Energy bills will fall to £1,923 a year for the typical household from October, under the new price cap announced today by industry regulator Ofgem.
The current price cap of £2,074 will reduce to £1,923 from October 1 – a fall widely anticipated in many quarters but not as much as some analysts had predicted.
What does this mean for consumers and businesses? In real terms, it will mean a small drop (£151) in energy bills for the typical household, although the cap applies to the unit price of energy – if more energy is used, the bills will be higher.
While the price cap decrease will provide some welcome relief for consumers and businesses, it is still well above pre-pandemic levels. Even in the last COVID lockdown, in winter 2021, the cap was set at a comparatively modest £1,277.
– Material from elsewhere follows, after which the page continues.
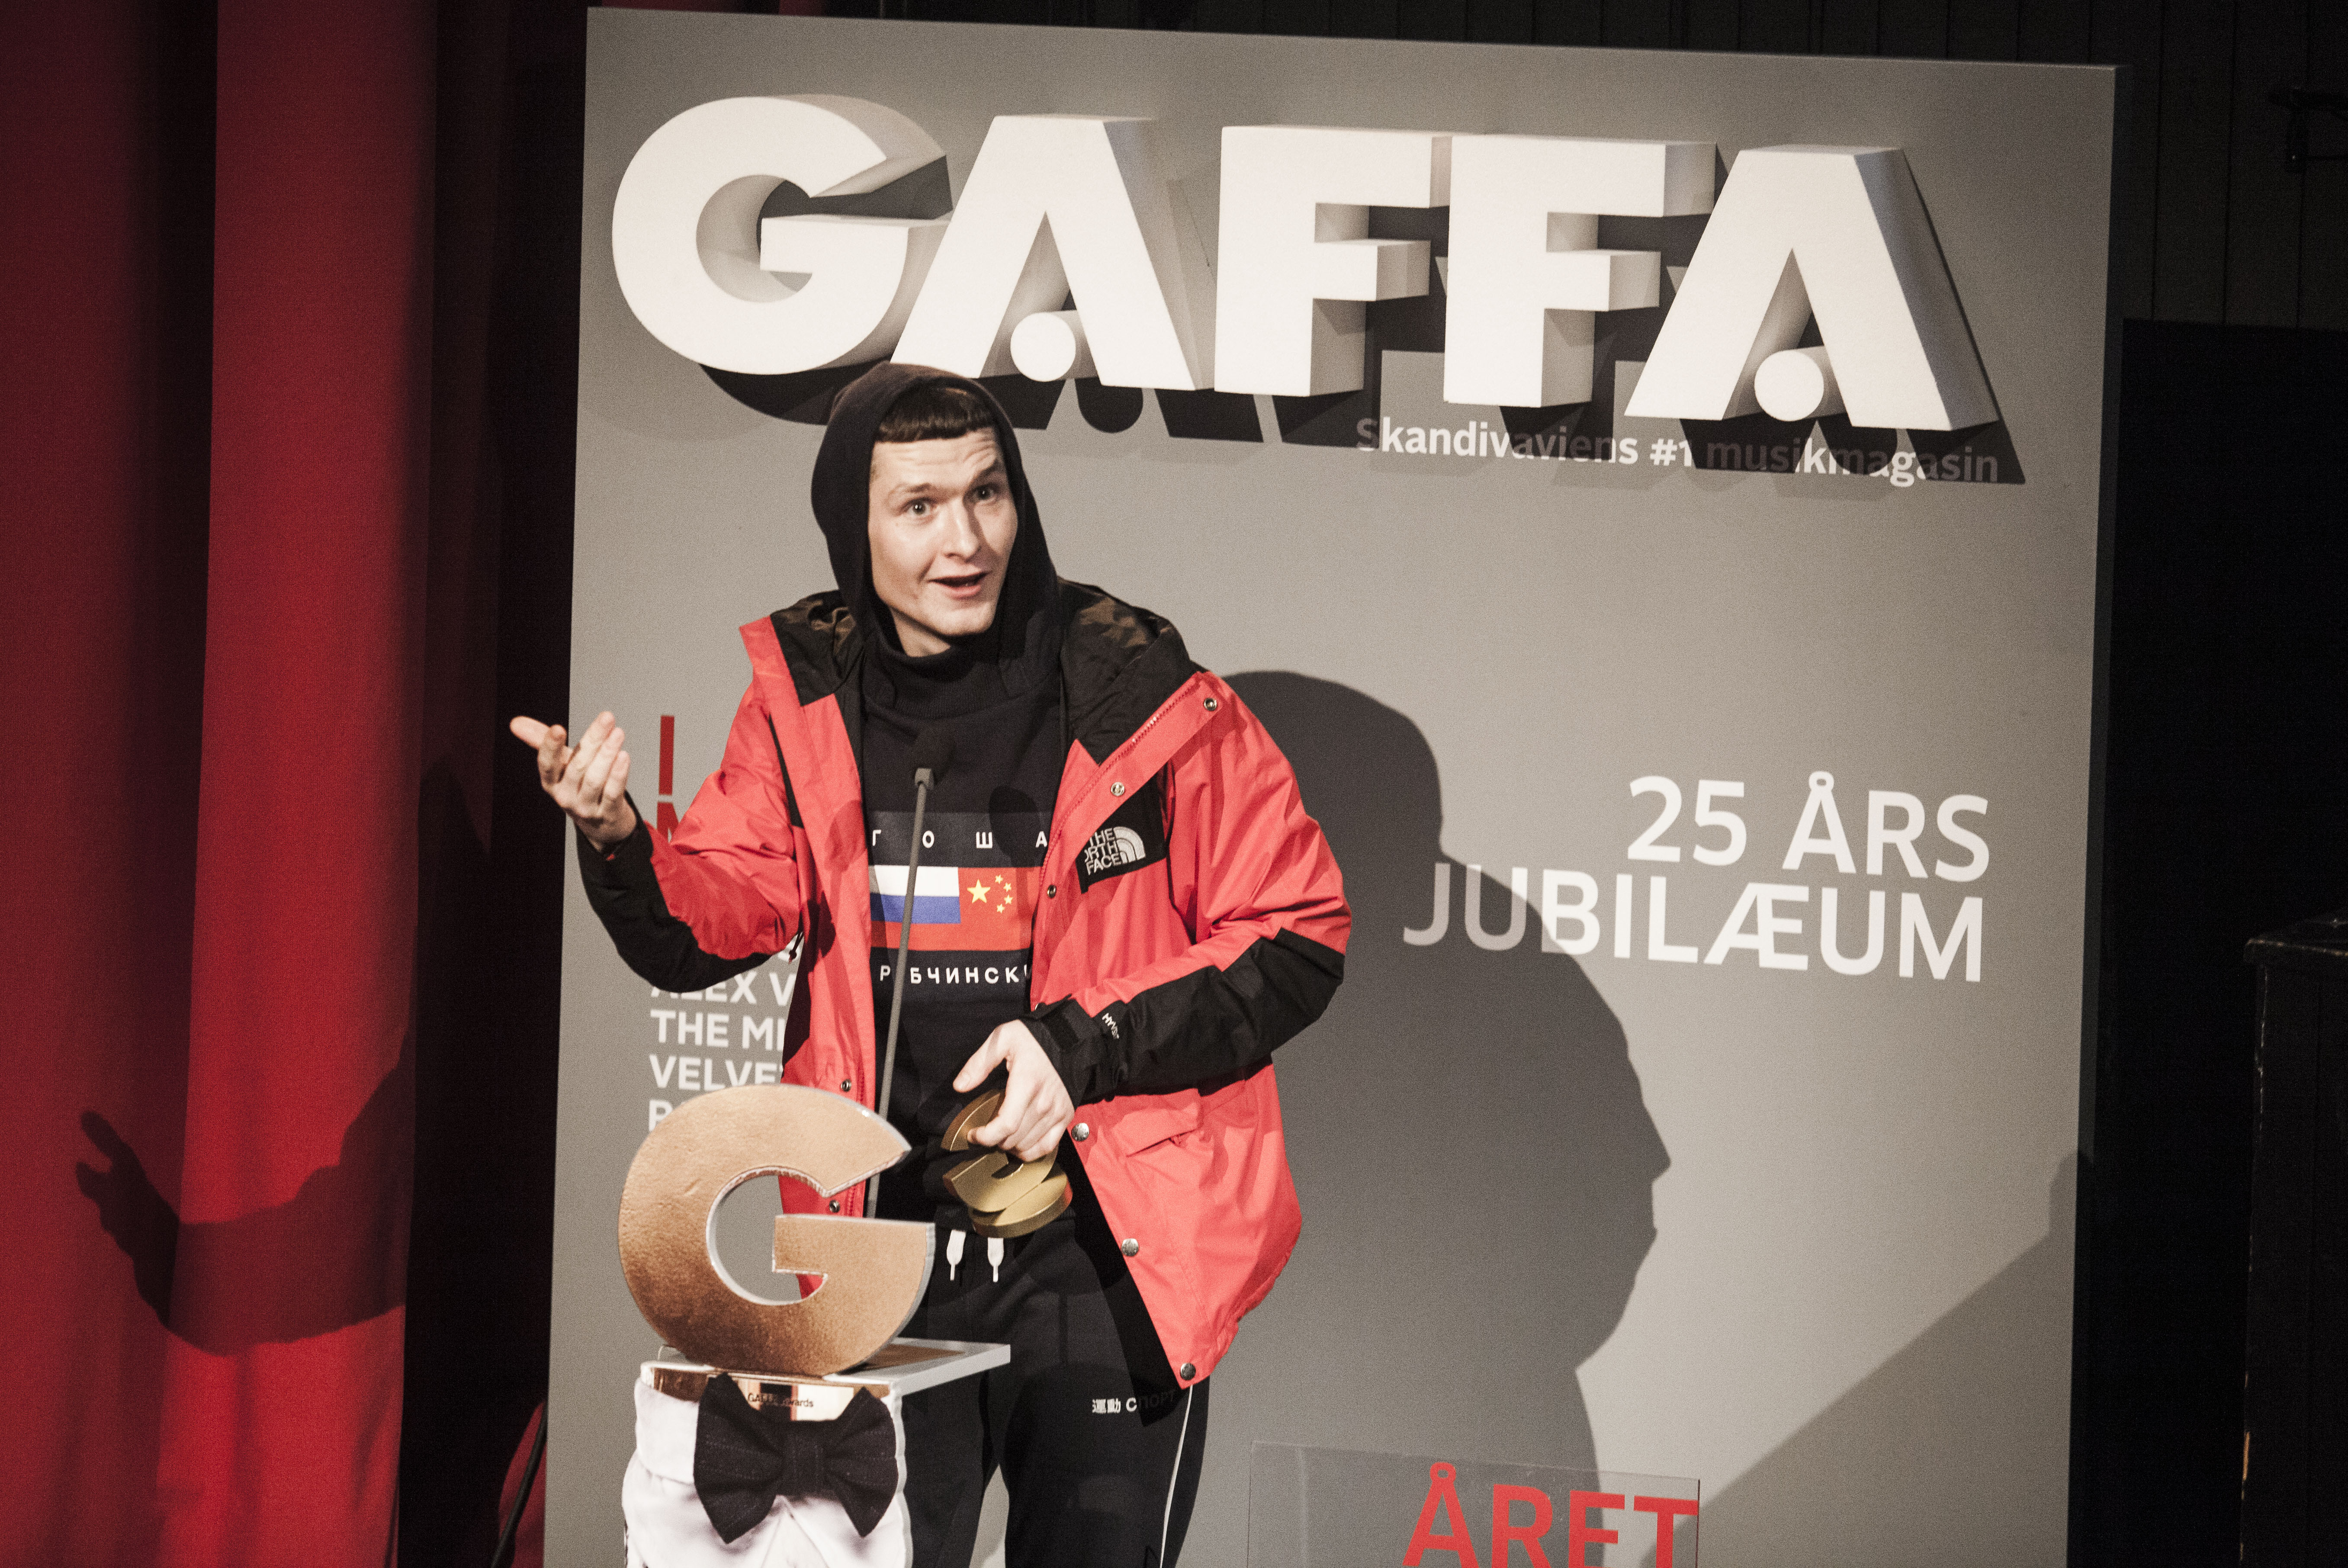 GAFFAprisen2015_HelenaLundquist_mindre_43

The current price cap is also likely to rise again in three months, when Ofgem announces the new cap in January 2024. Demand for electricity and gas is at its highest in winter, so many householders and businesses will feel more pain.
In the mid to long term, there is still much uncertainty around wholesale energy prices, driven by global events that are outside of the industry’s control. How long will the Russia-Ukraine conflict last? What impact will potential industrial action at Australian liquified natural gas (LNG) production facilities have on prices? Events such as these, as well as unusual weather patterns and unforeseen power plant outages, pose significant risks to UK energy prices – risks that create nervousness and uncertainty for UK households and businesses.
The risks could be alleviated by various strategies, such as ramping up power generation from renewable sources and incentivising households and businesses to reduce energy consumption during periods of peak demand. However, there is no magic bullet and energy prices look set to stay high for the foreseeable future.